Retrieve the optimal CP value; the value for CP which minimizes cross-validated error of the model.

# Retreive optimal cp value based on cross-validated error
(opt_index <- which.min(grade_model$cptable[, "xerror"]))

7 
7

(cp_opt <- grade_model$cptable[opt_index, "CP"])

[1] 0.01203879

Use the prune() function trim the tree, snipping off the least important splits, based on CP.

# Prune the model (to optimized cp value)
grade_model_opt <- prune(tree = grade_model, 
                         cp = cp_opt)
                          
# Plot the optimized model
rpart.plot(x = grade_model_opt, yesno = 2)

Grid search for model selection

3.6 Generate a grid of hyperparameter values

Use expand.grid() to generate a grid of maxdepth and minsplit values.

Establish a list of possible values for minsplit and maxdepth.

### Establish a list of possible values for minsplit and maxdepth
minsplit <- seq(1, 4, 1)
maxdepth <- seq(1, 6, 1)

Use the expand.grid() function to generate a data frame containing all combinations.

# Create a data frame containing all combinations 
hyper_grid <- expand.grid(minsplit = minsplit, maxdepth = maxdepth)

Take a look at the resulting grid object.

# Check out the grid
head(hyper_grid)

  minsplit maxdepth
1        1        1
2        2        1
3        3        1
4        4        1
5        1        2
6        2        2

# Print the number of grid combinations
nrow(hyper_grid)

[1] 24

3.7 Generate a grid of models

In this exercise, we will write a simple loop to train a “grid” of models and store the models in a list called grade_models. R users who are familiar with the apply functions in R could think about how this loop could be easily converted into a function applied to a list as an extra-credit thought experiment.

Create an empty list to store the models from the grid search.

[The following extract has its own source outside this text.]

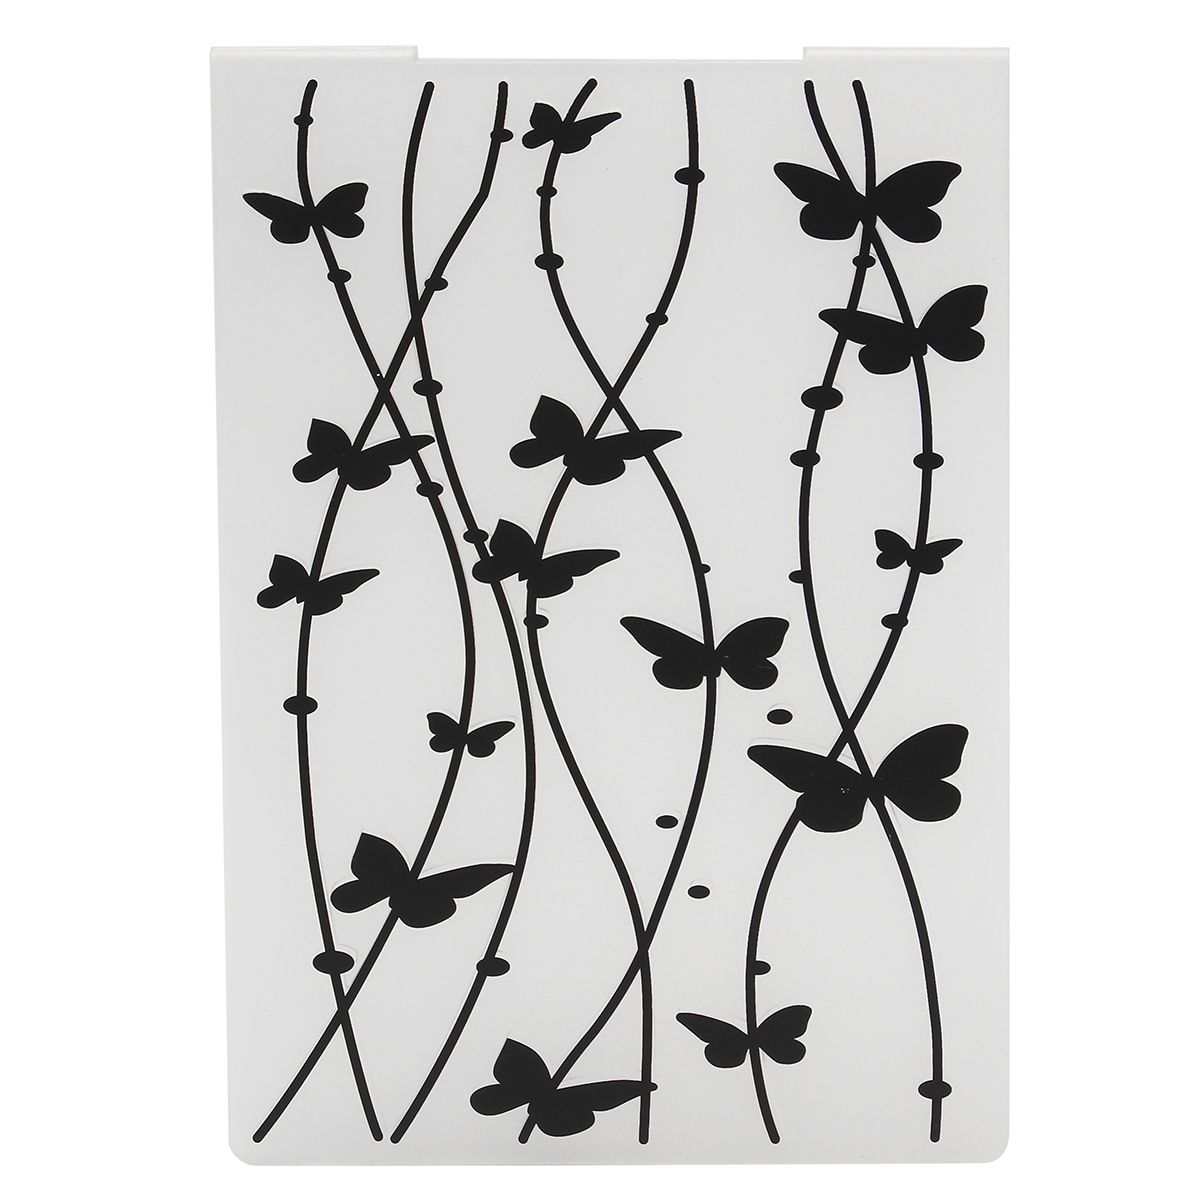 Plastic-Butterfly-Vine-Embossing-Folder-Template-Scrapbooking-Paper-Craft-Decor-Cutting-Dies-10x15cm-1147908

# Number of potential models in the grid
(num_models <- nrow(hyper_grid))

[1] 24

# Create an empty list to store models
grade_models <- list()

Write a loop that trains a model for each row in hyper_grid and adds it to the grade_models list.
- The loop will by indexed by the rows of hyper_grid.
- For each row, there is a unique combination of the minsplit and maxdepth values that will be used to train a model.

# Write a loop over the rows of hyper_grid to train the grid of models
for (i in 1:num_models) {

    # Get minsplit, maxdepth values at row i
    minsplit <- hyper_grid$minsplit[i]
    maxdepth <- hyper_grid$maxdepth[i]

    # Train a model and store in the list
    grade_models[[i]] <- rpart(formula = final_grade ~ ., 
                               data = grade_train, 
                               method = "anova",
                               minsplit = minsplit,
                               maxdepth = maxdepth)
}